#### RECORDED DATA:
────────
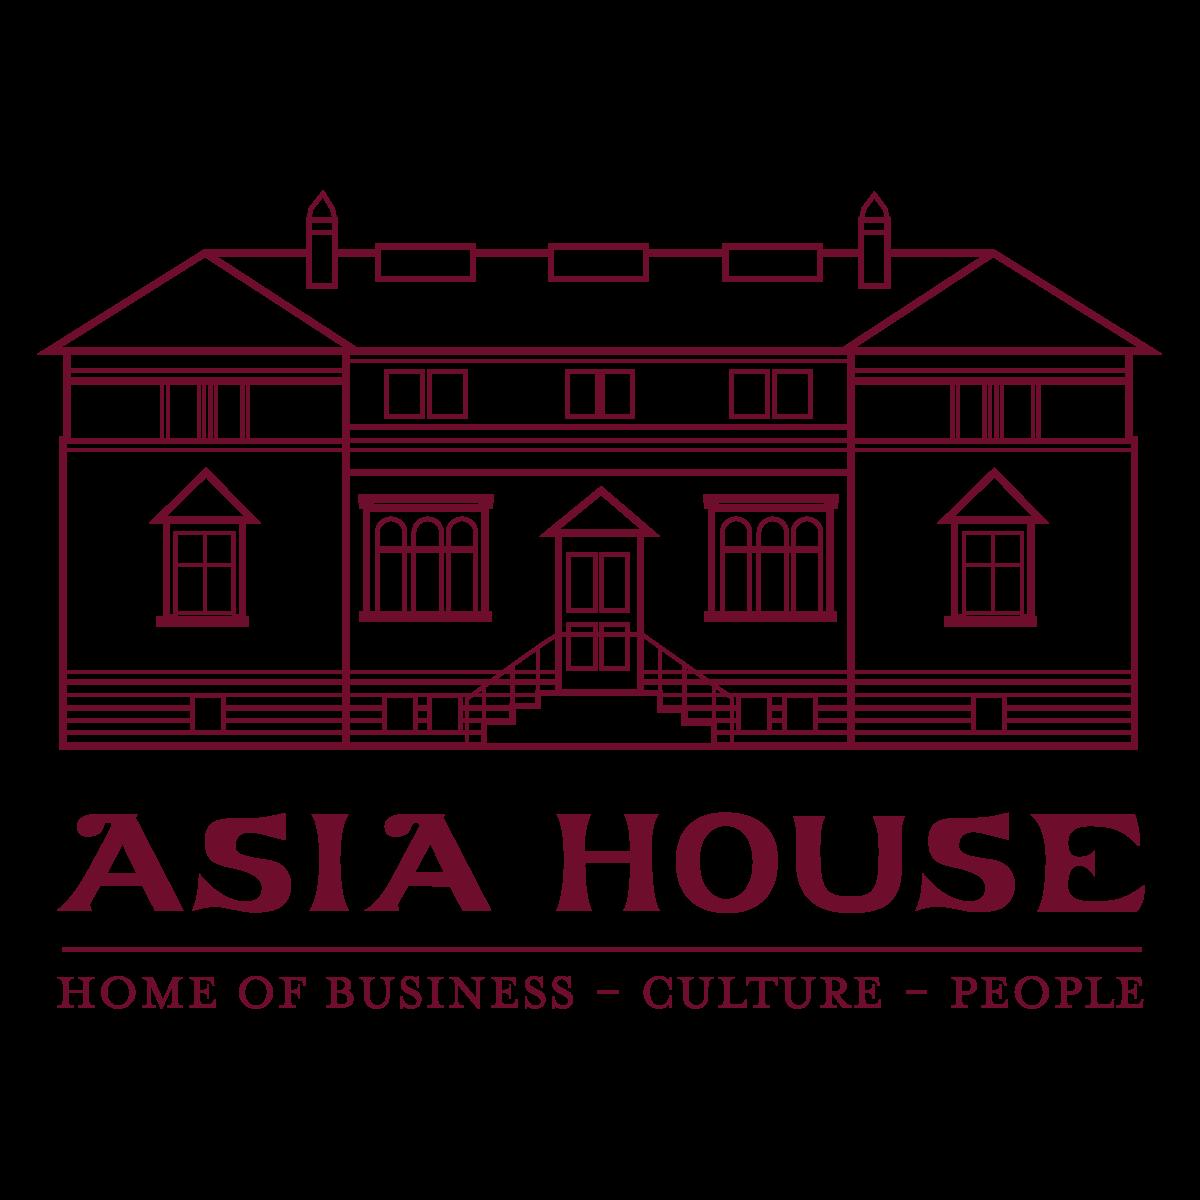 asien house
────────
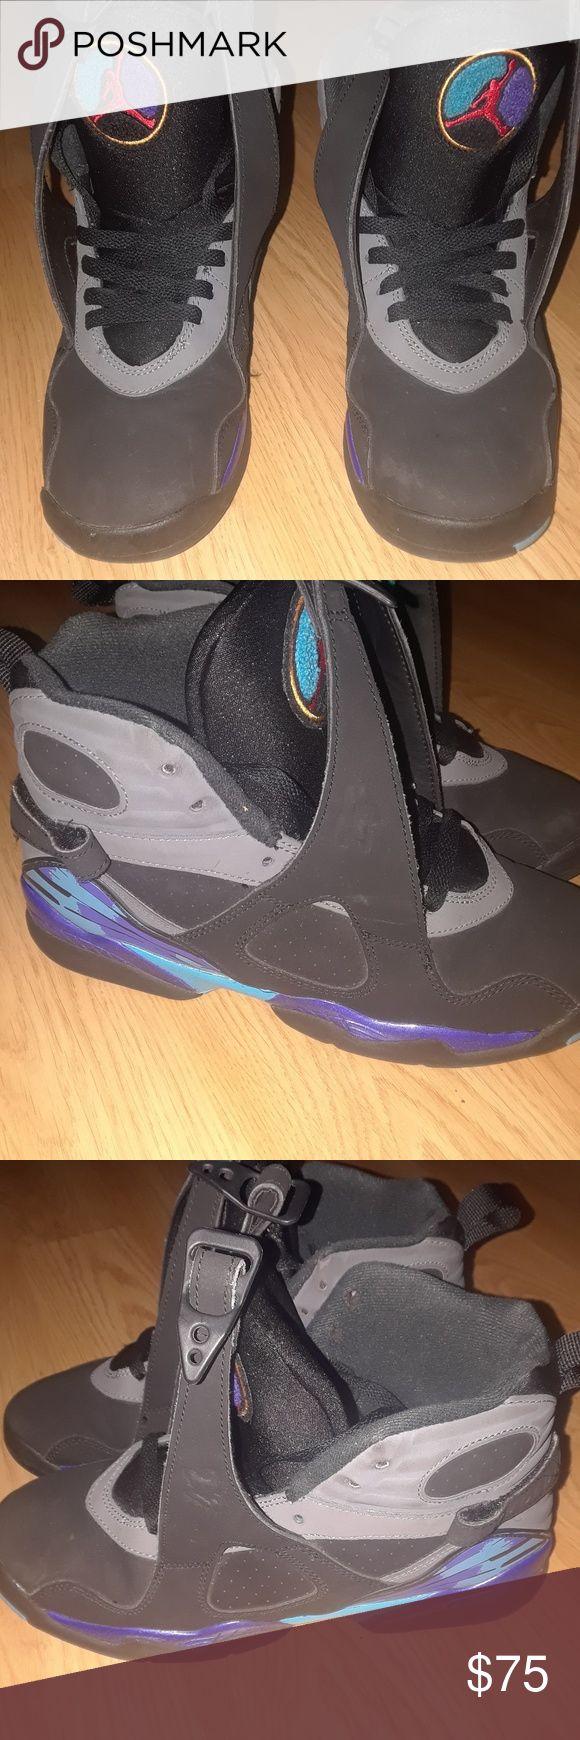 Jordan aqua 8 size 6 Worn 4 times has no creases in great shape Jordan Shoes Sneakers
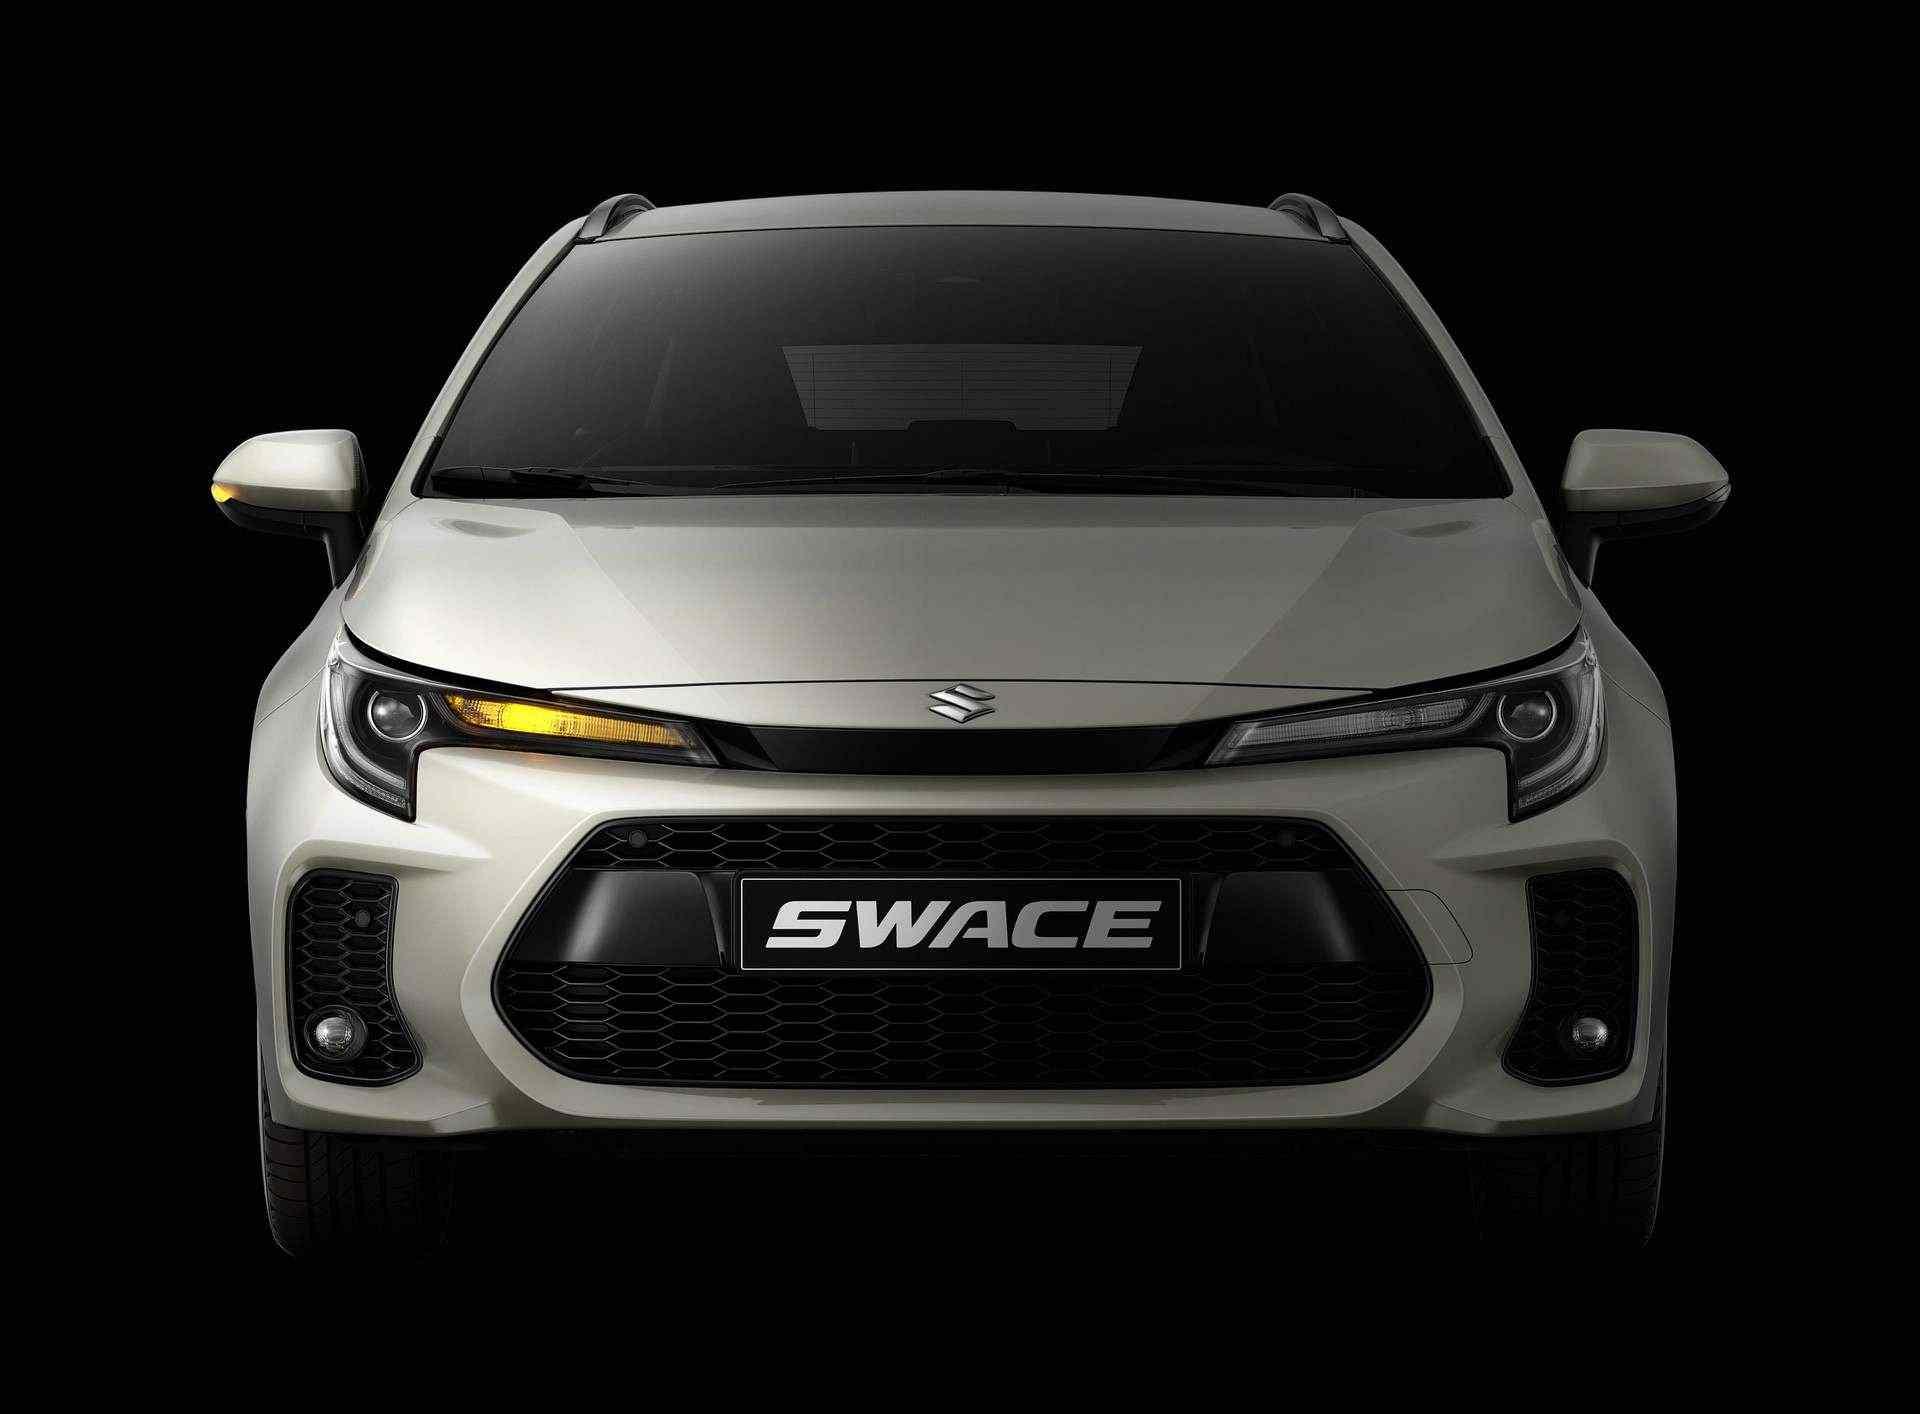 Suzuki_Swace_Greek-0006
────────
#### EXERCISE DESCRIPTION:
Give again, exactly as written above, every line from the one holding "Jordan aqua 8" to the one holding "Suzuki_Swace_Greek-0006", with both ends kept and the pictures left out.

#### SOLUTION FOR THIS TASK:
 Jordan aqua 8 size 6 Worn 4 times has no creases in great shape Jordan Shoes Sneakers
 Suzuki_Swace_Greek-0006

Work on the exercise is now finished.